Artificial immune recognition system has shown an effective performance on several problems such as medical classification problems. In [5], Polat et al. have used a fuzzy resource allocation combined with the AIRS algorithm. The classification accuracy obtained using 10-fold cross-validation was, respectively, 98.53% and 99.00% for classification of WBCD; 79.22% and 84.42% for classification of the Pima Indians diabetes data set; and 100% and 92.86% for classification of the ECG arrhythmia data set. Polat and Güneş used the same Fuzzy-AIRS algorithm to classify the diagnosis of lymph diseases in [16] and to improve the prediction accuracy of Escherichia coli promoter gene sequences in [17]; the proposed system has obtained respectively 90.00% and 90% prediction accuracy using 10-fold cross-validation. Polat et al [18] classified Breast cancer and liver disorders using artificial immune recognition system with fuzzy resource allocation mechanism and 10-fold cross-validation they have reported respectively an accuracy of 98.51% for breast cancer and 83.36% for the Liver Disorders dataset.

In this work we have proposed a new approach called MAIRS2 to recognize diabetes disease. In the first phase, we used the AIRS2 learning algorithm to reduce the size of the diabetes dataset; we obtained a reduced database named Memory Cells Pool. In the second phase, we apply the fuzzy k-nearest neighbor to overcome the limitations of the k-nn classifier by assigning a class membership to each patient. We evaluate the performances of our MAIRS2 algorithm by using the Pima Indians diabetes dataset.

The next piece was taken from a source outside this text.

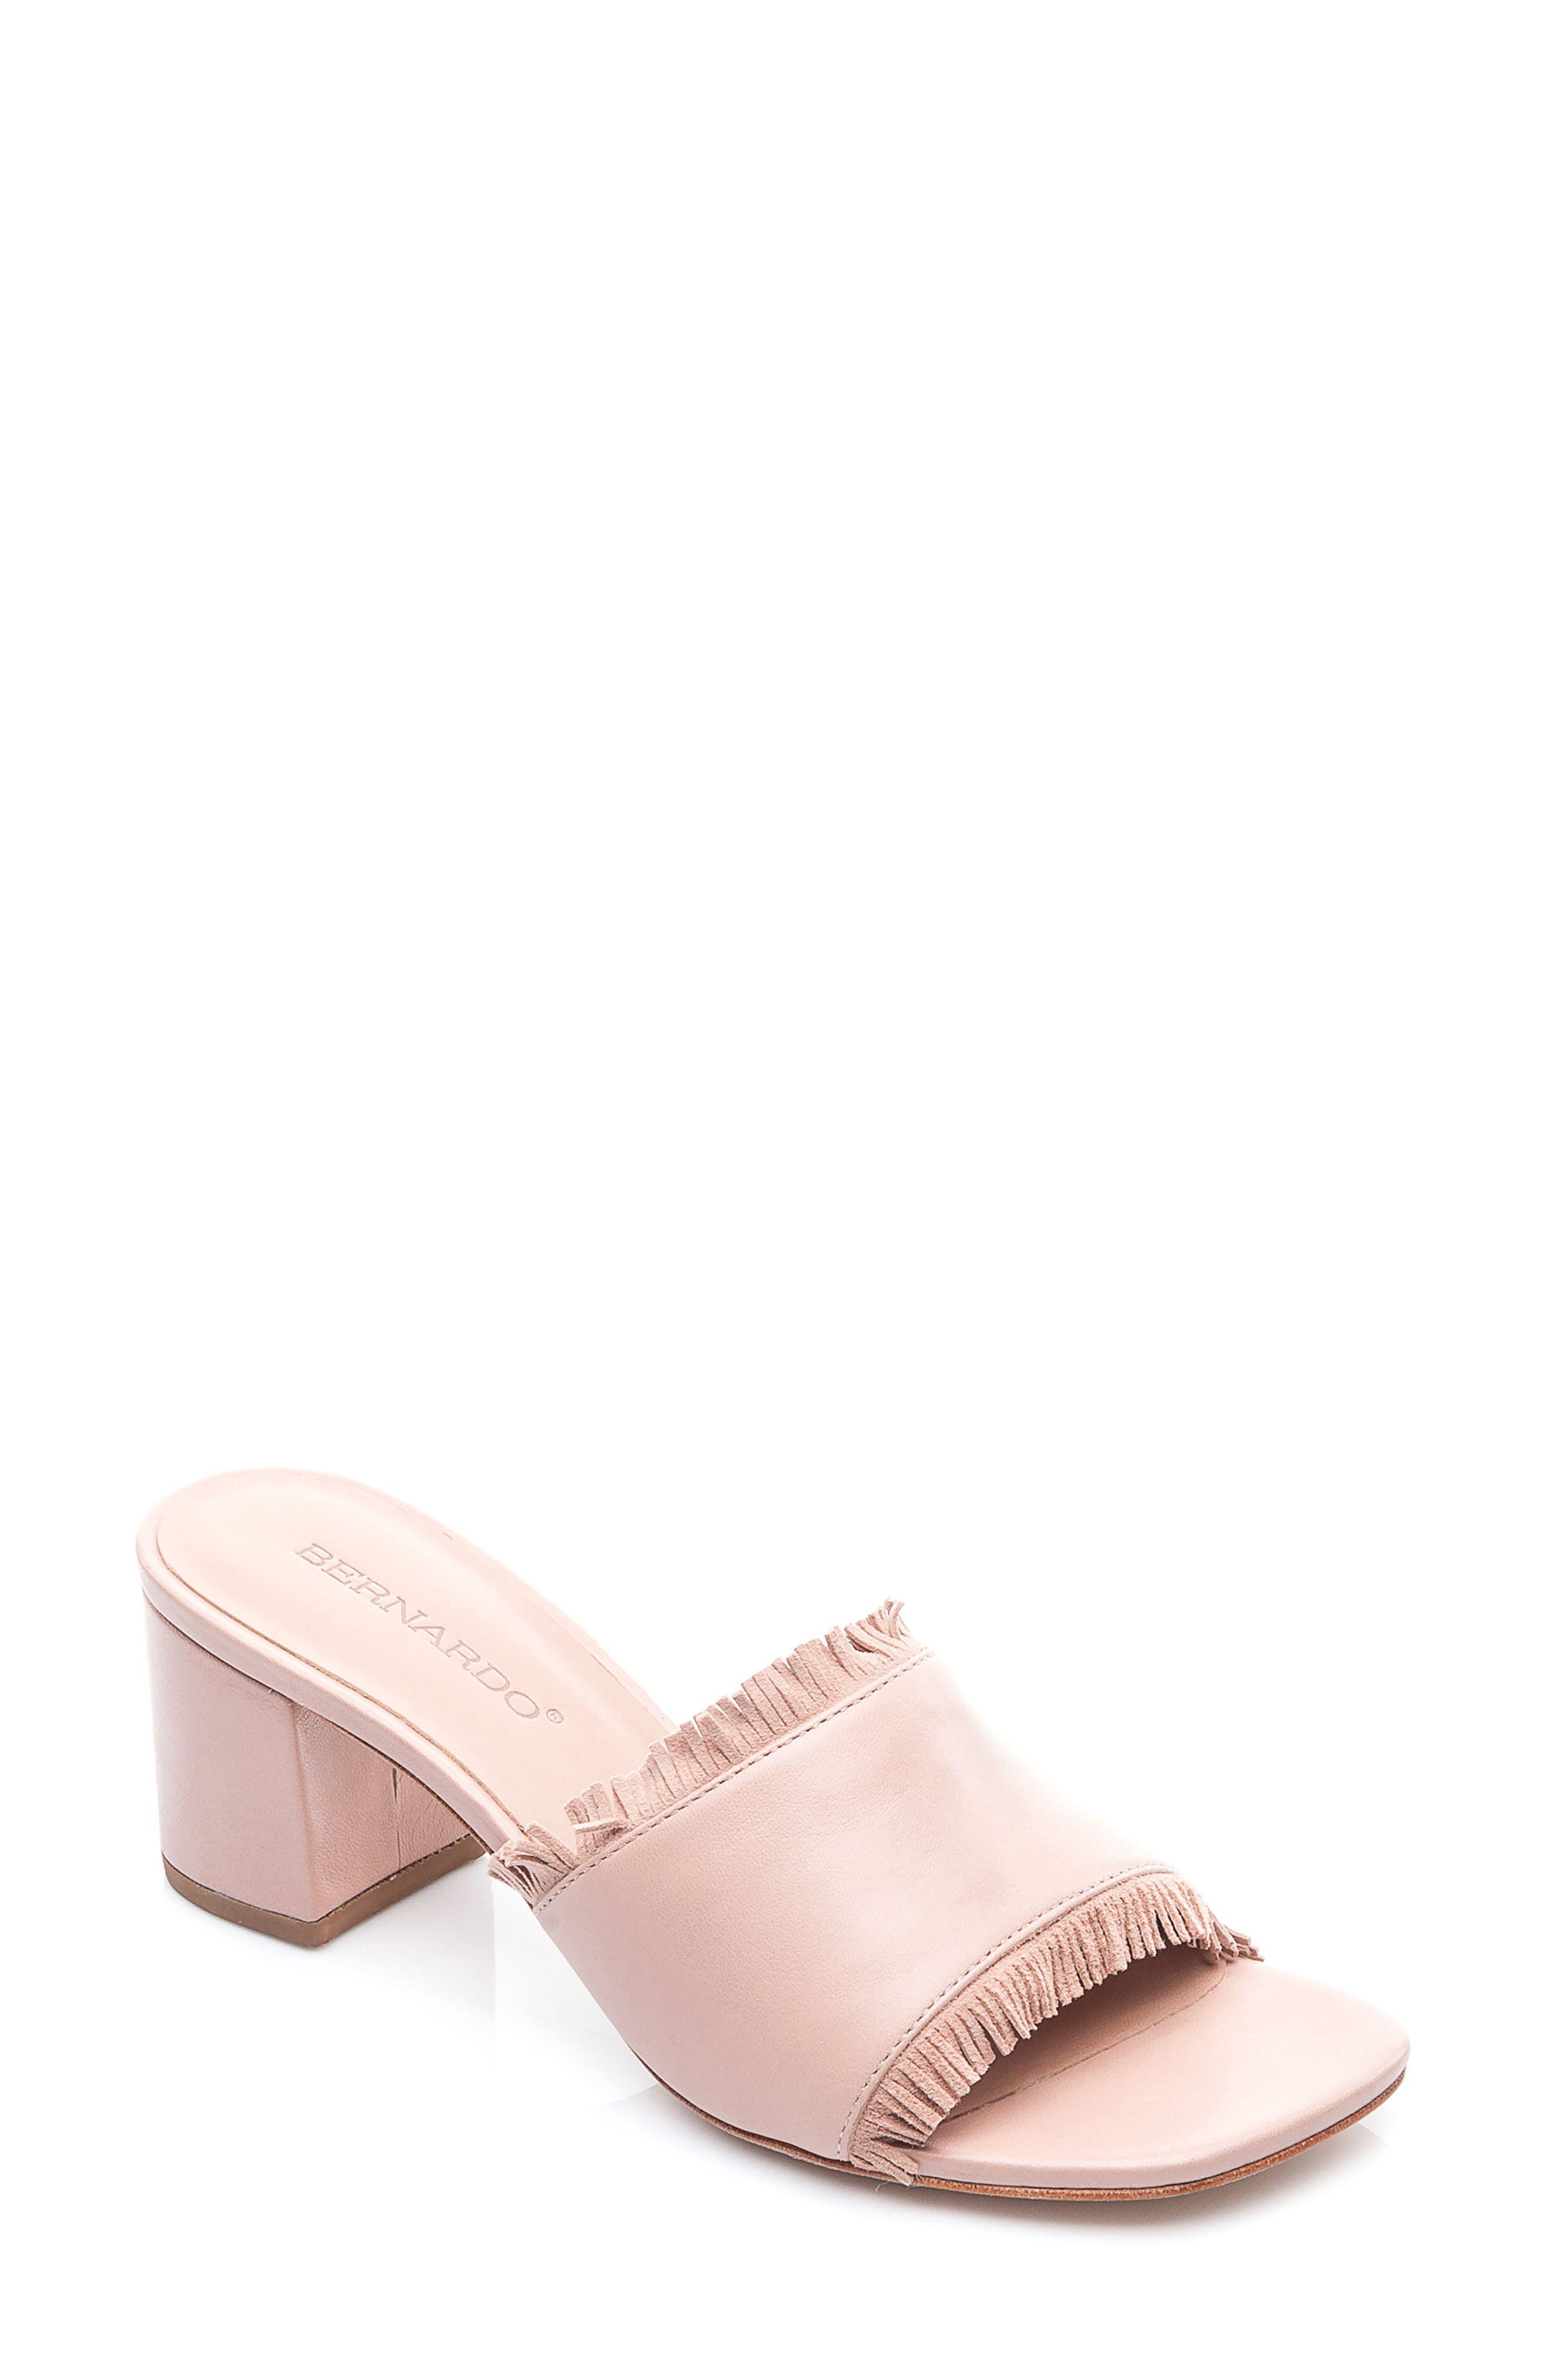 Bernardo Blossom Slide Sandal,                             Main thumbnail 1, color,                             Blush Leather

This paper is organized as follows: "Theory" section introduces the used methods: artificial immune recognition systems and fuzzy-Knn algorithms. The results obtained in applications are given in "Experimentation and results" section. In "Conclusion" section, we conclude the paper.

Theory

Natural and artificial immune system

The immune system (IS) is a complex of cells, molecules and organs that represent an identification mechanism capable of perceiving and combating dysfunction from our own cells (infectious self) and the action of exogenous infectious microorganisms (infectious nonself). Two of the most important cells in this system are T cells, and B cells. The immune system consists of two complementary mechanisms, the innate and adaptive immune systems. The innate immune system has the ability to recognize certain microbes and immediately destroy them on first encounter. The adaptive immune system enables the body to recognize and respond to any microbe, even if it has never faced the invader before [7, 8].

The vertebrate immune system is particularly interesting due to its several computational capabilities, like: recognition, feature extraction, diversity, learning, memory, distributed detection, self-regulation, metadynamics, and immune network [9].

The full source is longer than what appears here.